From Woolsorters to Mail Sorters: Anthrax Past, Present, and Future

Victor Sidel, MD, Hillel W. Cohen, DrPH and Robert M. Gould, MD

Victor W. Sidel is with the Montefiore Medical Center, the Albert Einstein College of Medicine, and Weill Medical College, New York, NY. Hillel W. Cohen is with the Albert Einstein College of Medicine, Bronx, NY. Robert M. Gould is with Santa Teresa Community Hospital, San Jose, Calif.

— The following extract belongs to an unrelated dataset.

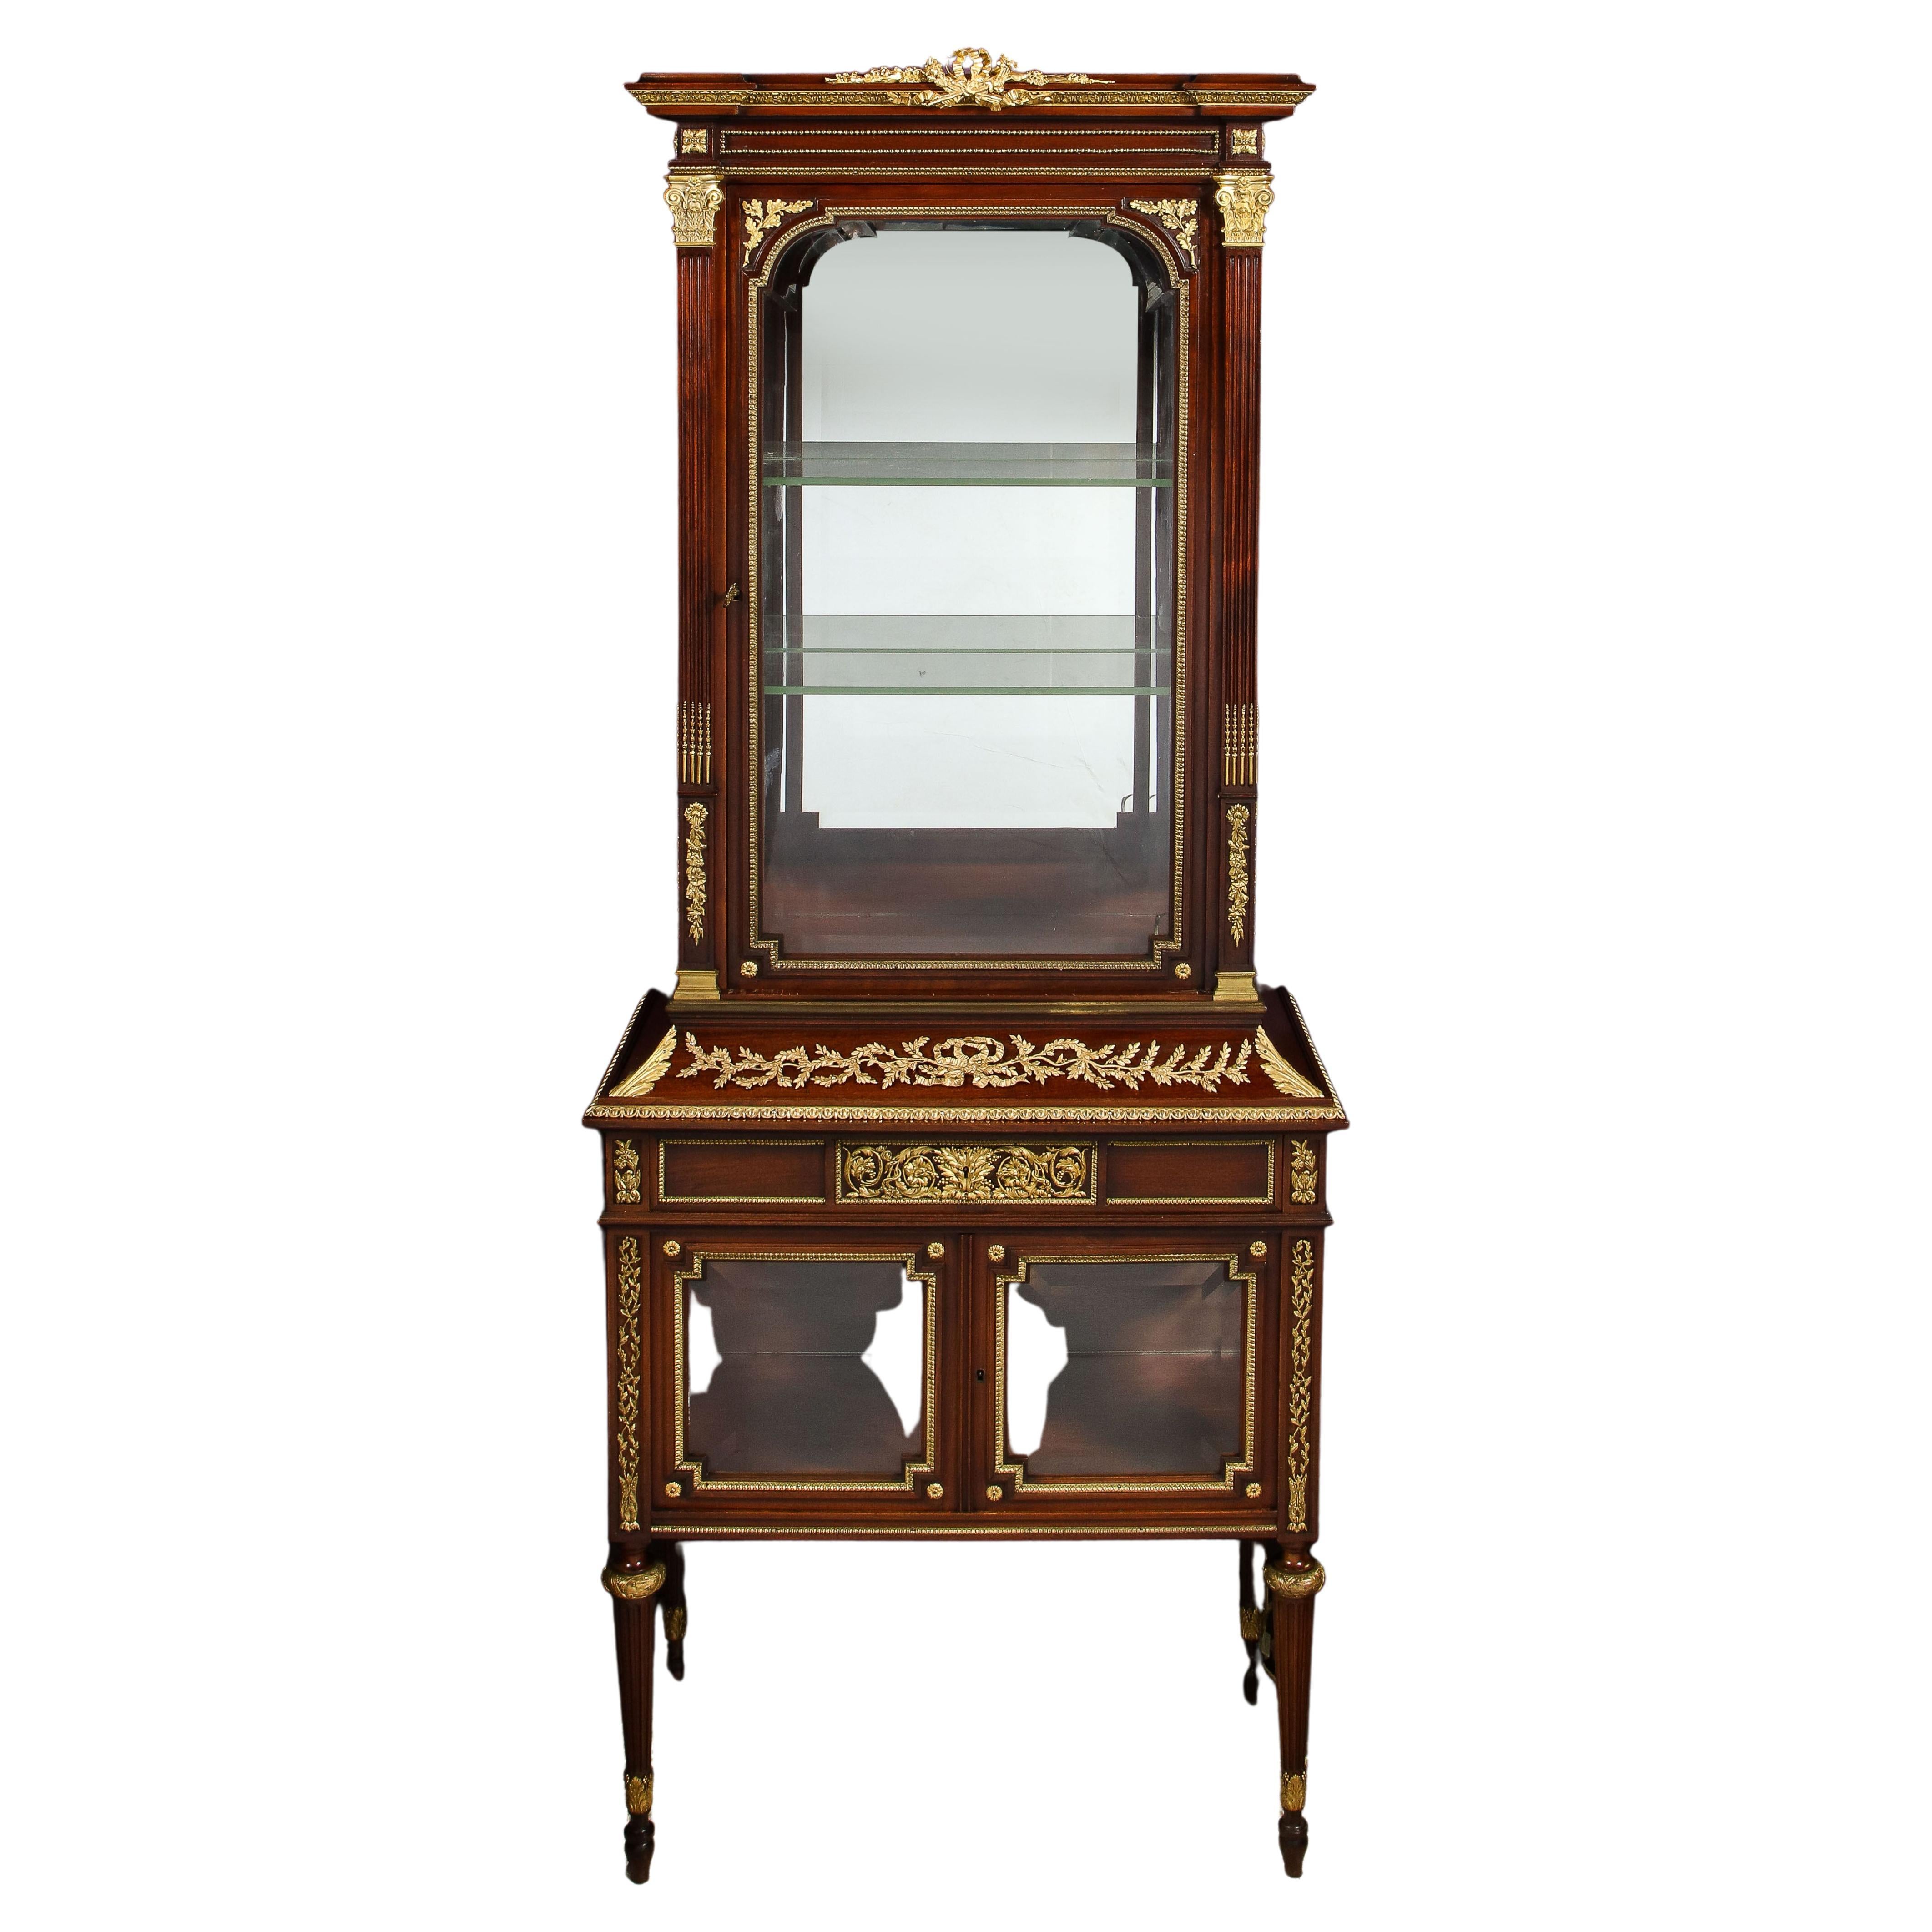 An exquisite French Ormolu-mounted mahogany and glass vitrine cabinet, attributed to Francois Linke, circa 1880.


Although unsigned, the jewel-like quality ormolu bronze mounts throughout, especially the corinthian columns, and the best mahogany

Correspondence: Requests for reprints should be sent to Victor W. Sidel, MD, Professor of Social Medicine, Montefiore Medical Center, 111 East 210th St, Bronx, NY 10467 (e-mail: vsidel{at}igc.org).


    INTRODUCTION
 TOP
 INTRODUCTION
 A TANGLED TALE
 WHEN WILL THEY LEARN?
 References
 
Three items in this issue of the Journal review past and current topics regarding the cause and prevention of anthrax infection in humans. In Voices From the Past, Fee and Brown discuss the groundbreaking work of John Henry Bell on occupational anthrax among woolsorters in Bradford, England, after wool and hair were introduced from abroad in the middle of the 19th century.1 Bell, in a 1878 report—also presented in Voices From the Past—recommended measures during the 1880s and 1890s to prevent what had become known as "woolsorters' disease."2 These measures, initially voluntary, were finally adopted as official policy by the British Home Office in 1899. Deaths from anthrax declined rapidly, but control measures were less than fully effective because of the persistence of anthrax spores and because of economic pressures to continue the work with contaminated wool.1

Nass, in her commentary, discusses the conflicts raging about current use of a vaccine to prevent human anthrax.3 She describes the use of anthrax vaccine on military personnel by the US Department of Defense during the Persian Gulf War, with inadequate attention to adverse reactions, and since 1998 as a required immunization for military personnel. The vaccine was also recently offered by the Centers for Disease Control and Prevention (CDC) to postal workers and others who had been exposed to anthrax spores in the mail.


    A TANGLED TALE
 TOP
 INTRODUCTION
 A TANGLED TALE
 WHEN WILL THEY LEARN?
 References
 
Midway between these episodes of human infection with anthrax, in the 1950s, Brachman and his colleagues, at what was then known as the Communicable Disease Center, conducted a controlled trial of a version of the anthrax vaccine and found it effective in preventing cutaneous anthrax in woolen mill workers.4 On the basis of this trial, a similar vaccine was approved by the US Food and Drug Administration (FDA) for prevention of human cutaneous anthrax, and it has been used to immunize a number of workers in contact with animal skin and hides, as well as many others, including veterinarians. In the original trial, the number of cases of inhalation anthrax at the mill where the trial was conducted was insufficient for determining the vaccine's efficacy in preventing inhalation anthrax.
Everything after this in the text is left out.